It's this kind of thing that makes Haskell so cool, but also makes it so
unlikely that it will ever see real widespread adoption. Haskell is a language
based heavily on mathematical theory. There's more of a focus on expressing
mathematical concepts and hewing to theoretical correctness than on being
practical. Why are there no (real) exceptions in Haskell? Because you can do
it with monads. Why aren't there member variables on objects? Because you can
do it with functions (or better yet, lenses! a shiny new abstraction to
learn!). Why is there no stack trace when a runtime error occurs?

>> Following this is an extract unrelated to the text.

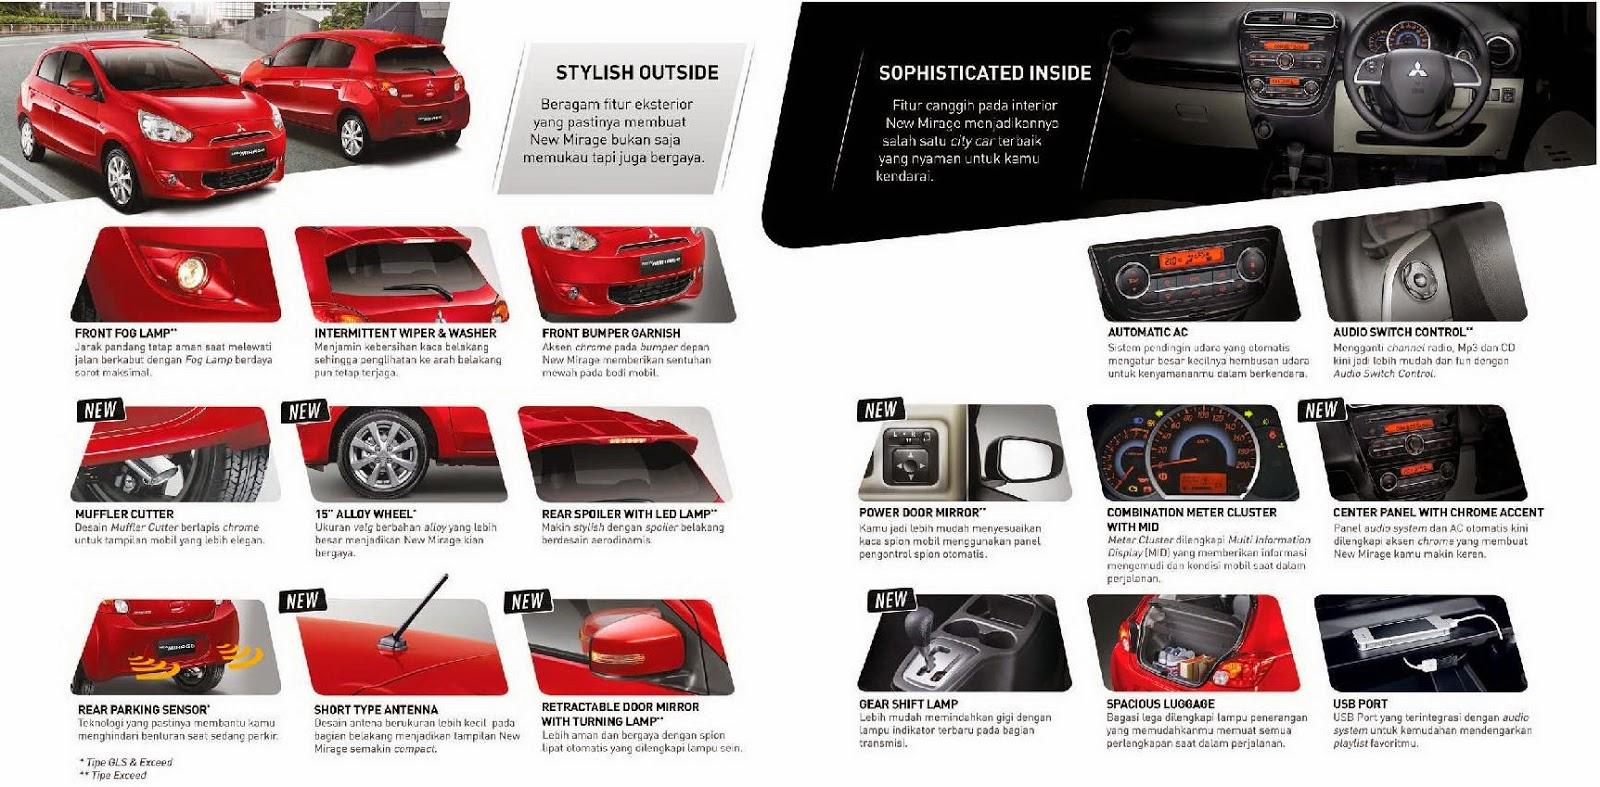 Brosur tipe Mobil Mitsubishi New Mirage Sport 2015

This one I
don't have a good answer to, but I think it has to do with laziness, which has
its roots in theory as well.

I love Haskell and have written several large projects in it. I write it
almost every day, currently in the middle of a project with ~1,500 lines of
code written over the last month or so. But a lot of it feels like bending
over backwards to allow features that would be completely basic in other
languages, because of the thing I was talking about above: the _starting
point_ is the theory, and the practical comes after. The names of the types
are just the tip of the iceberg on this one. There are many great and
practical libraries for Haskell (some of which this post's author has
written), and many are incredibly powerful, expressive and performant, so it's
wrong to say that Haskell isn't "for the real world". But it's really a whole
different philosophy than 90% of other languages.

All that said I'm not sure I can come up with a better name for Monad.
Context? Pipe? Container? Nothing really springs to mind. It's sort of its own
ball of wax.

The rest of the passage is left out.